Sky looked at him with mock seriousness, putting down his fork and leaning slightly toward him.
“Honestly… if tofu could talk, it would’ve had enough of you too.”
“Very funny.”
“No, really. I bet it stares at you from the container thinking: ‘You again? Give it a rest!’”

During a pause from the set, Nani is nervous for an important scene to shoot, Sky is simply a green flag, no, wait, he's a whole green forest.

Notes:

(See the end of the work for notes.)

Work Text:

It was sweltering, and it was only two in the afternoon. The sun barely filtered through the set’s canopies, and the air was thick with that kind of suspended electricity that precedes an important scene—the kind that, even just on paper, made your heart beat a little faster.
Sky had let himself fall onto the shaded bench with a half-sigh, stretching out his tired legs and unscrewing the cap of his water bottle with the same urgency with which he then opened his lunch container. He looked at it as if expecting a prize, with the bright curiosity of someone who’s truly hungry and the naive eagerness of someone who, deep down, is easily pleased.
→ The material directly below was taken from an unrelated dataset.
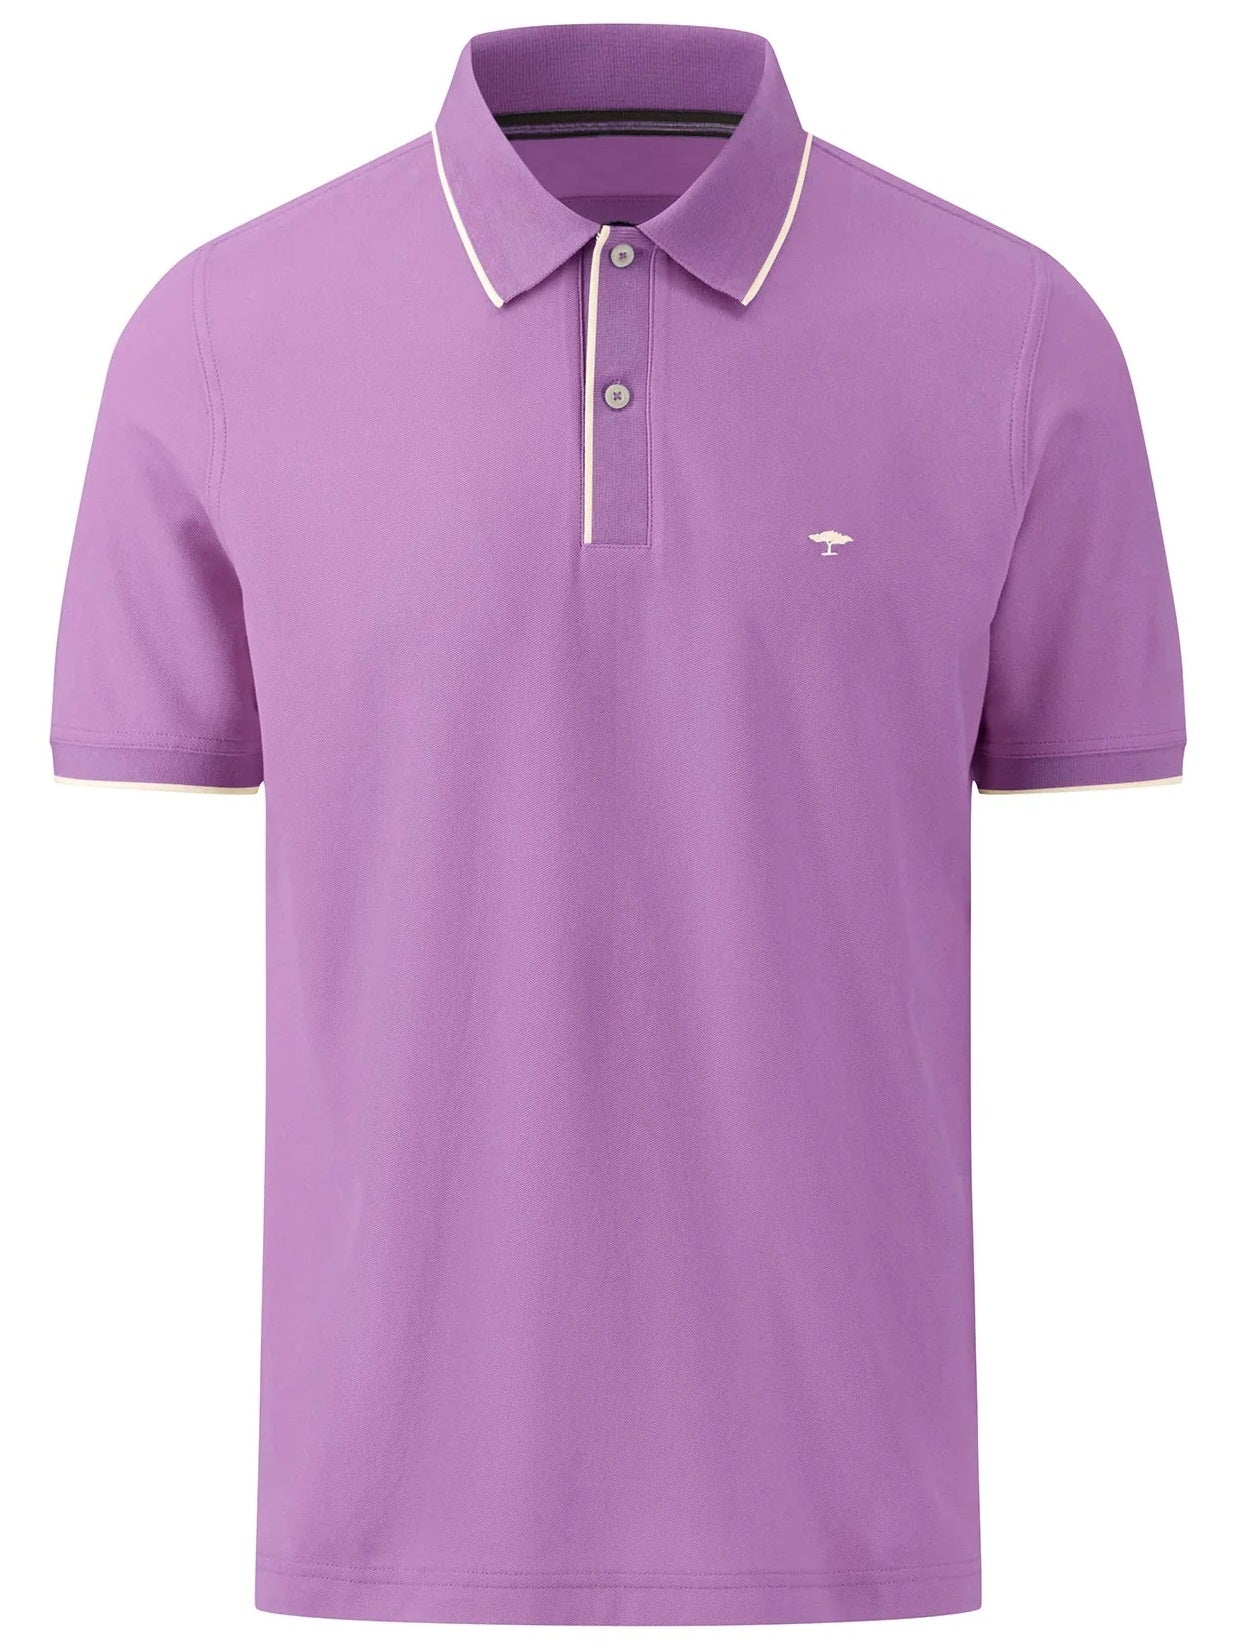 FYNCH HATTON Modern-Fit Polo Shirt - Men's Cotton Pique – Dusty Lavender

“Finally,” he murmured as the smell of food rose into the air, comforting like a warm blanket.
Nani, on the other hand, was sitting next to him but seemed in another world. His back was slightly hunched, his fingers clutching the script with the stubbornness of someone hoping that rereading it enough times would carve the lines into memory. But it wasn’t about memory, and he knew it. His character, Shin, didn’t have much to say in this scene—but had a lot to feel. And that was what was throwing him off.

“Nani… eat something, come on. The break won’t last forever, you know,” Sky said, already half chewing, his voice muffled by the first bite but still firm.
Nani didn’t answer immediately. He had just distractedly opened his container and was looking at it like someone stares at a shirt they’re tired of wearing but keep getting every Christmas. He made a slight, almost imperceptible grimace, but Sky noticed.

“What is it?” he asked, pausing his meal to get a better look. “You don’t like it?”

“Mmh,” Nani muttered, still glued to the script, but then lifted his eyes. “I don’t know… maybe I’m not that hungry.”
Sky watched him for a moment, then looked down at his own container—which, to be honest, was much more appetizing—and without saying a word, swapped it with Nani’s, placing the new lunch in front of him with disarming simplicity.

“Wait, what are you doing?” Nani asked, taken aback.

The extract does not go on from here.